- Origin: Nunavut, Canada
- Genres: Inuit throat singing
- Members: Madeleine Allakariallak; Phoebe Atagotaaluk;

= Tudjaat =

Tudjaat were Madeleine Allakariallak and Phoebe Atagotaaluk, two Inuit women from Nunavut, Canada who are known for their recordings and performances of traditional Inuit throat singing.

==History==

Tudjaat was founded in 1994 after producer Randall Prescott heard Allakariallak perform as part of a backup chorus with Susan Aglukark's third CD. When he learned that Atagotaaluk, her cousin, was also a throat singer, he arranged to have the pair brought together with several backup musicians for a recording session which combined their traditional singing with modern guitar, keyboard, bass and drum music. The result was a six-track CD titled Tudjaat.
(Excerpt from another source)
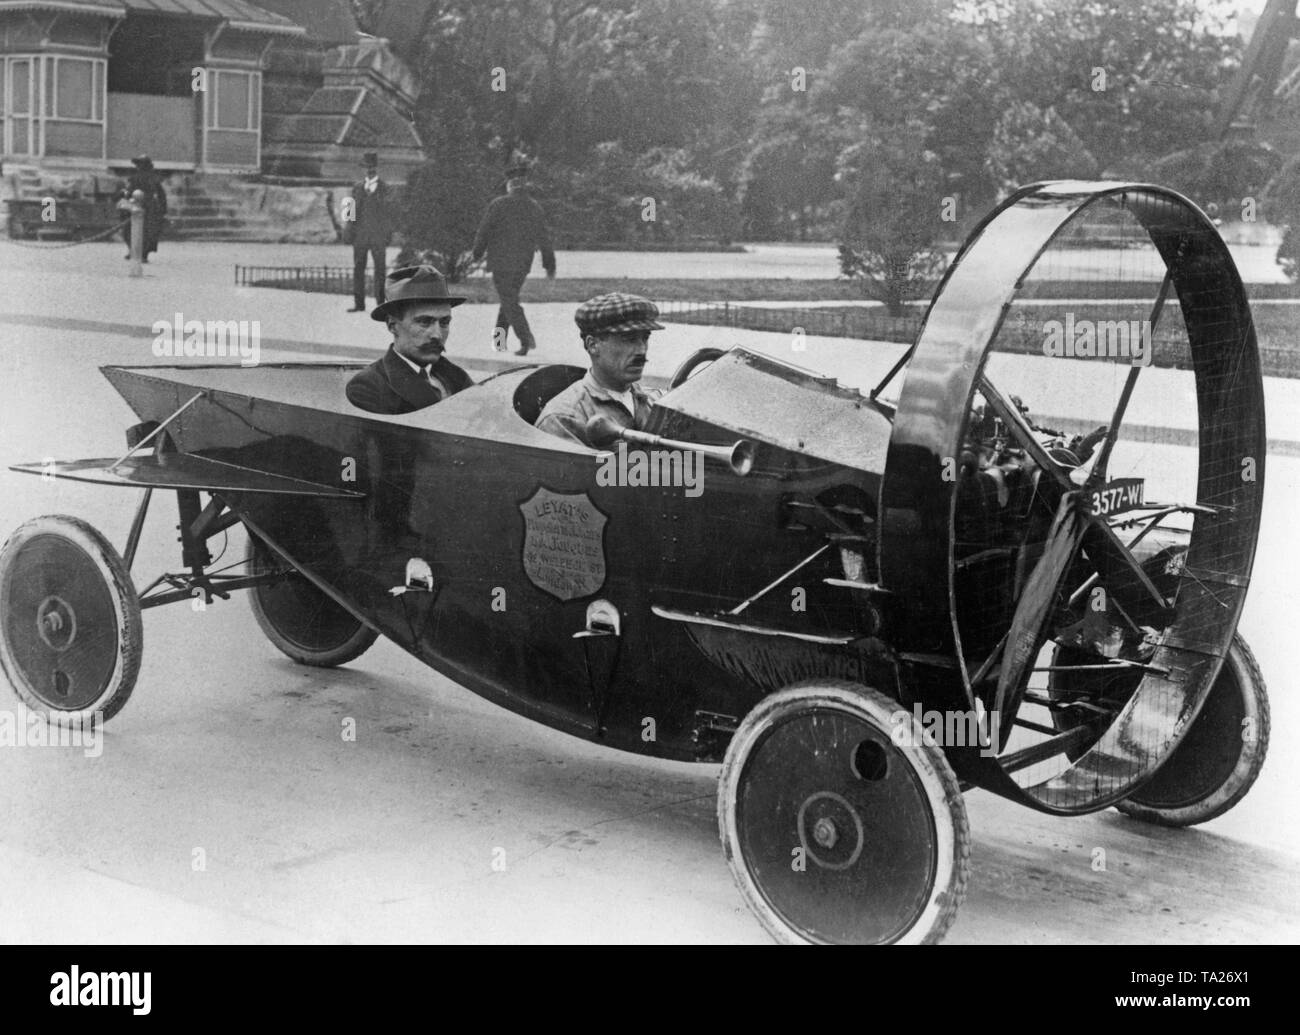 A propeller-driven car of the French brand Helica from the year 1920. An air-cooled two-cylinder engine operated a four-blade propeller at the front of the car. Designer of the propeller car was the French Marcel Leyat. Stock Photo

Tudjaat features "Kajusita (When My Ship Comes In)", a song written by Allakariallak, Jon Park-Wheeler, and Randall Prescott. The song, which describes the forced exile of a group of Inuit to the High Arctic in the last century, is a tribute to those who suffered and died as a consequence of a government decision.

"Kajusita" won the CD's its producers the 1997 American Indian Film Institute Awards Best Song award, was included on a United Nations compilation CD entitled Here and Now, A celebration of Canadian Music, The Music of The First Peoples and Folk Music, and was made into a music video. Tudjaat was nominated for a Juno Award for Best Music of Aboriginal Canada in 1997, but did not win.

The next year Tudjaat's "Qingauiit", written by Jon Park-Wheeler and Randall Prescott, was included on Putumayo's A Native American Odyssey: Inuit to Inca. Also that year the pair's singing was featured on Robbie Robertson's CD Contact from the Underworld of Redboy. After the short-lived career of Tudjaat, Allakariallak worked for the CBC Northern Service and then in 2005 became a news host on the Aboriginal Peoples Television Network.